Handles splitting into train/validation/test sets based on available splits and the val_proportion parameter. Processes each example using the provided process_example_fn and saves the results.

Parameters:

dset – The loaded Hugging Face DatasetDict.
dataset_name – Name of the dataset (for logging).
dataset_root – The root directory to save the processed JSONL files.
tokenizer – The tokenizer instance.
process_example_fn – Function to process individual examples.
split_val_from_train – If True, split validation from train set. Otherwise, split from test set (if available).
val_proportion – Proportion of data to use for validation split.
train_aliases – Tuple of possible names for the training split.
test_aliases – Tuple of possible names for the test split.
val_aliases – Tuple of possible names for the validation split.
delete_raw – If True, delete raw HF dataset cache after processing.
seed – Random seed for splitting.
rewrite – If True, overwrite existing processed files.
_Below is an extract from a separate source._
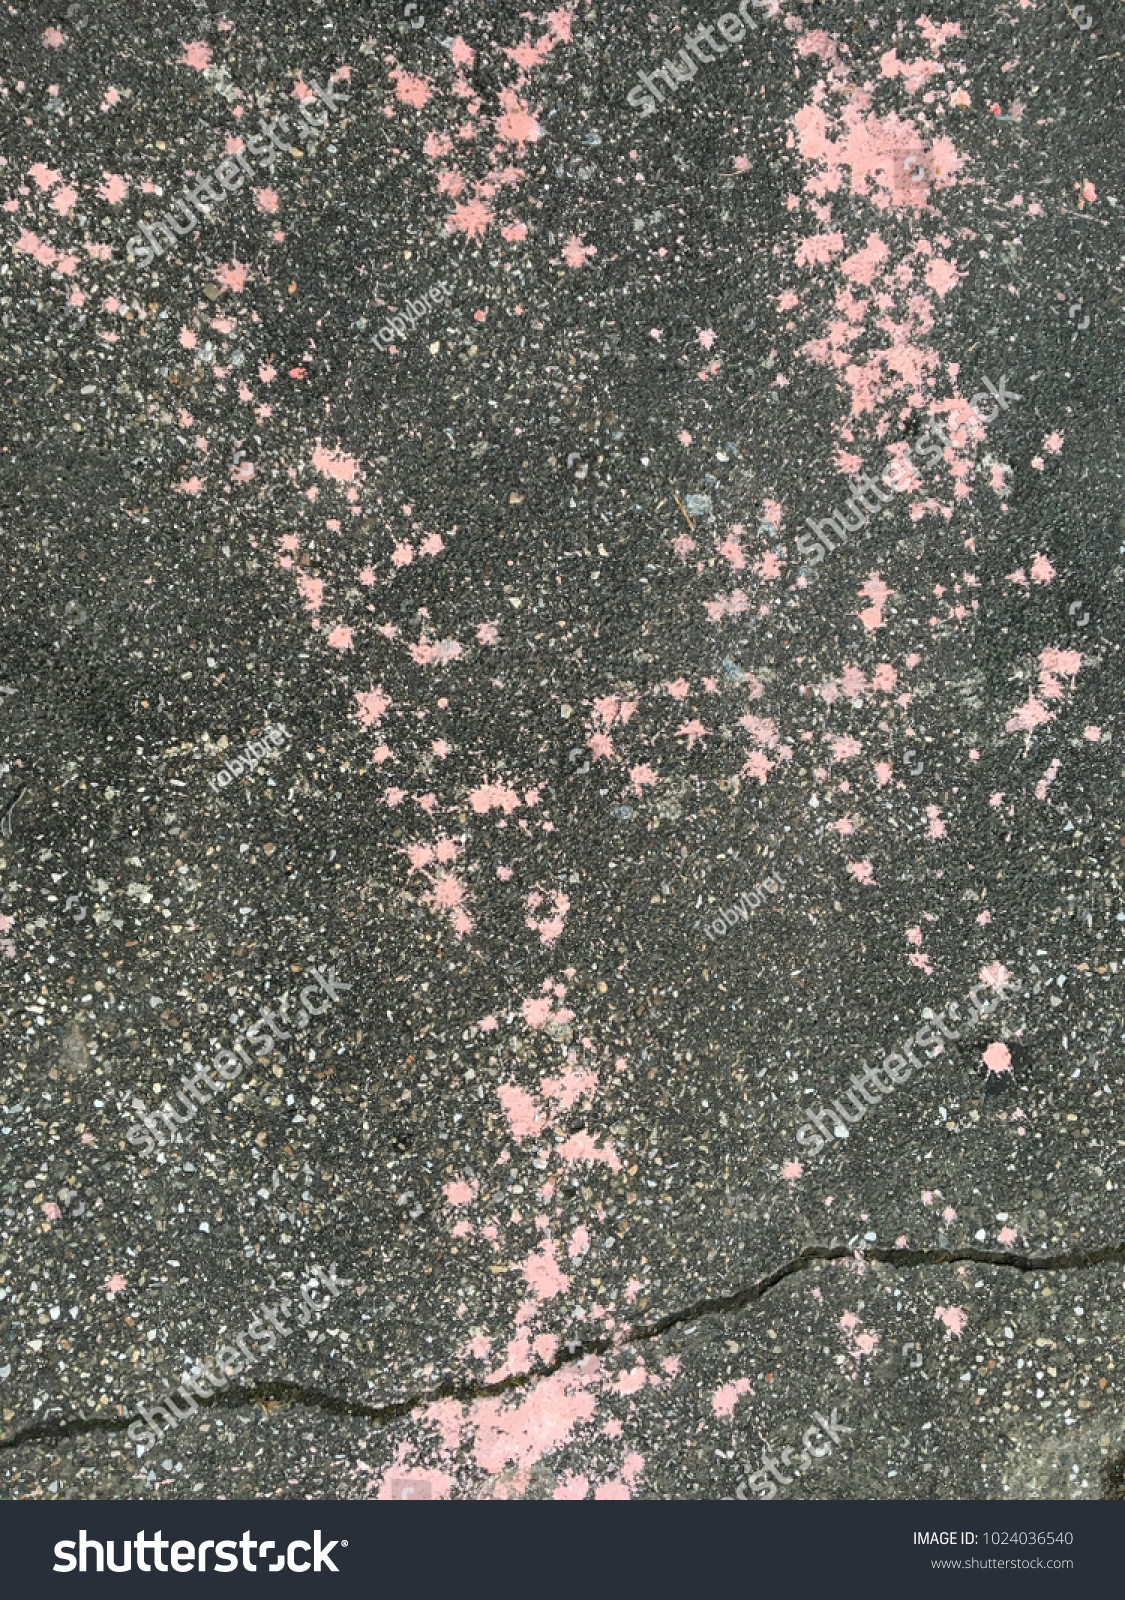 Pink Paint Drops On Black Asphalt Stock Image Download Now
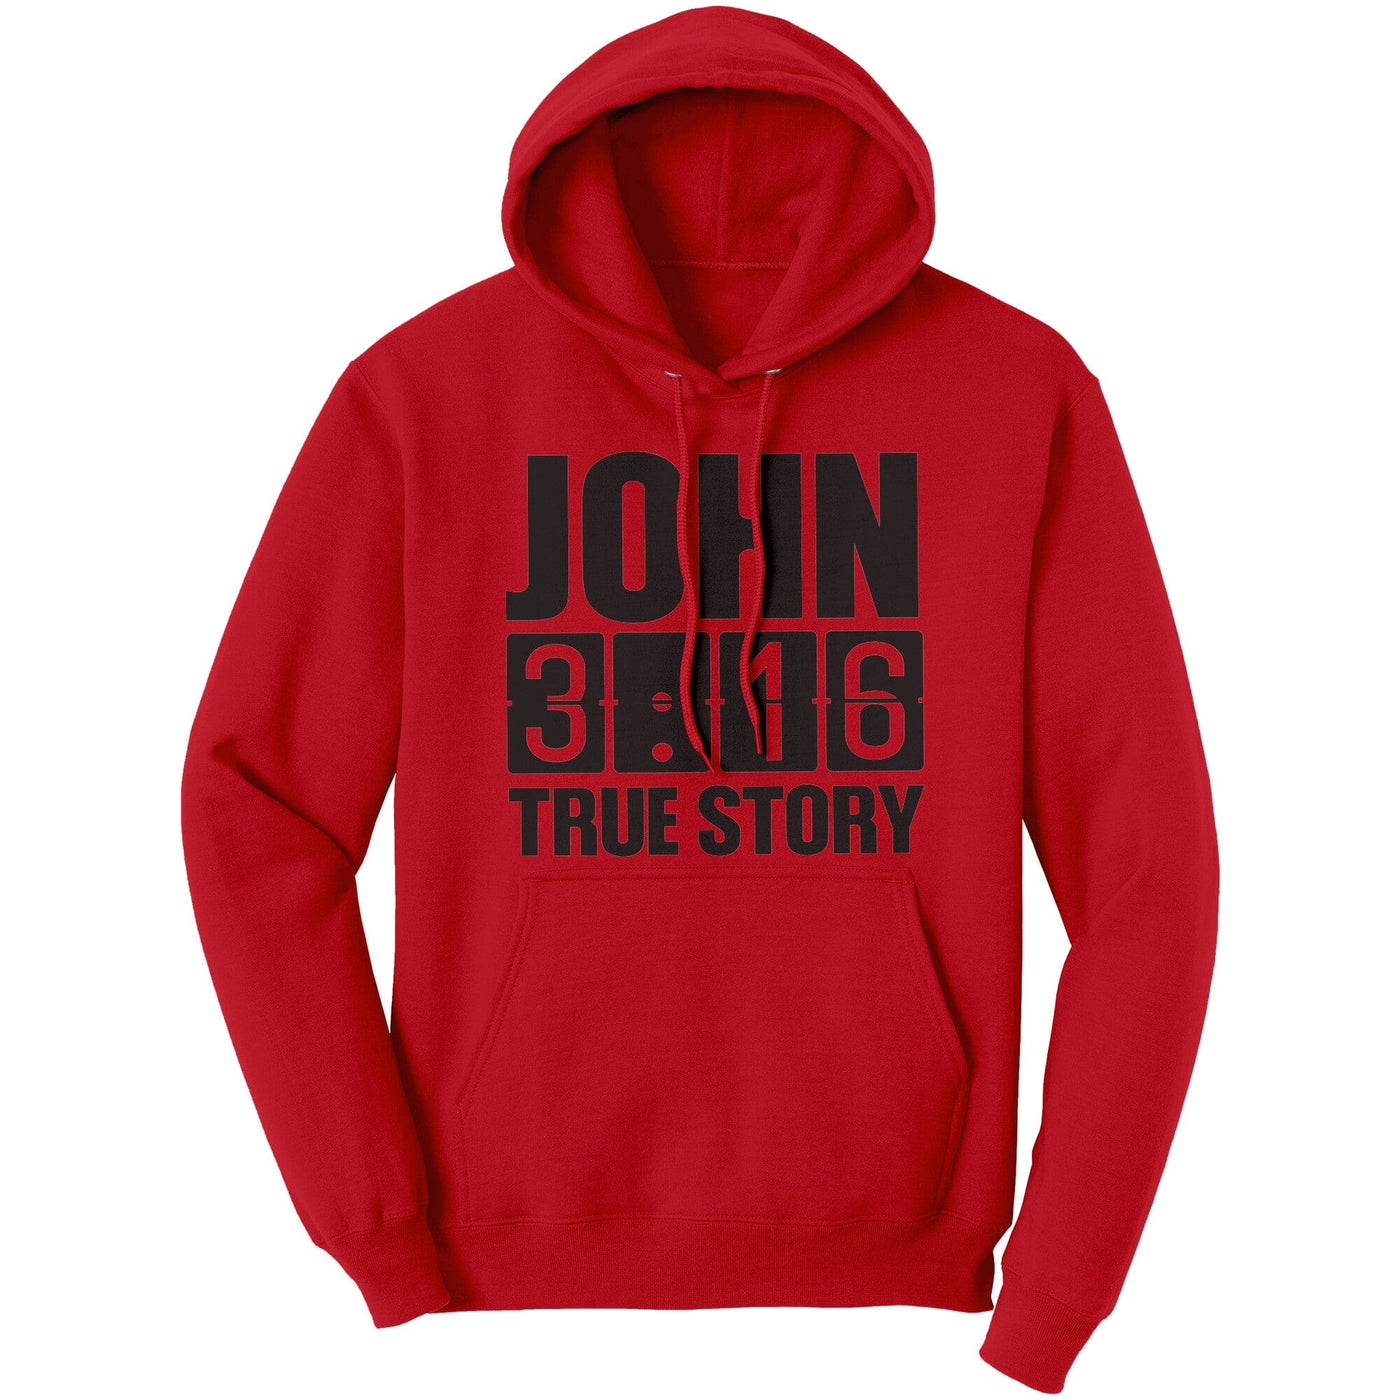 Graphic Hoodie Sweatshirt John 3:16 True Story Hooded Shirt - Unisex | Hoodies

class bridge.data.builders.hf_dataset.HFDatasetBuilder( dataset_name: str, tokenizer, process_example_fn: bridge.data.builders.hf_dataset.ProcessExampleFn, dataset_dict: Optional[datasets.DatasetDict] = None, dataset_subset: Optional[str] = None, dataset_root: Optional[Union[str, pathlib.Path]] = None, split=None, seq_length=1024, seed: int = 1234, memmap_workers: int = 1, max_train_samples: Optional[int] = None, packed_sequence_specs: Optional[megatron.bridge.data.datasets.packed_sequence.PackedSequenceSpecs] = None, download_mode: Optional[str] = None, val_proportion: Optional[float] = 0.05, split_val_from_train: bool = True, rewrite: bool = True, delete_raw: bool = False, hf_kwargs: Optional[dict[str, Any]] = None, dataset_kwargs: Optional[dict[str, Any]] = None, hf_filter_lambda: Optional[Callable] = None, hf_filter_lambda_kwargs: Optional[dict[str, Any]] = None, do_validation: bool = True, do_test: bool = True, )#

Bases: megatron.bridge.data.builders.finetuning_dataset.FinetuningDatasetBuilder

Builder class for Hugging Face datasets.

This class extends FinetuningDatasetBuilder to work with Hugging Face datasets instead of file paths. It provides methods to build datasets from Hugging Face’s datasets library.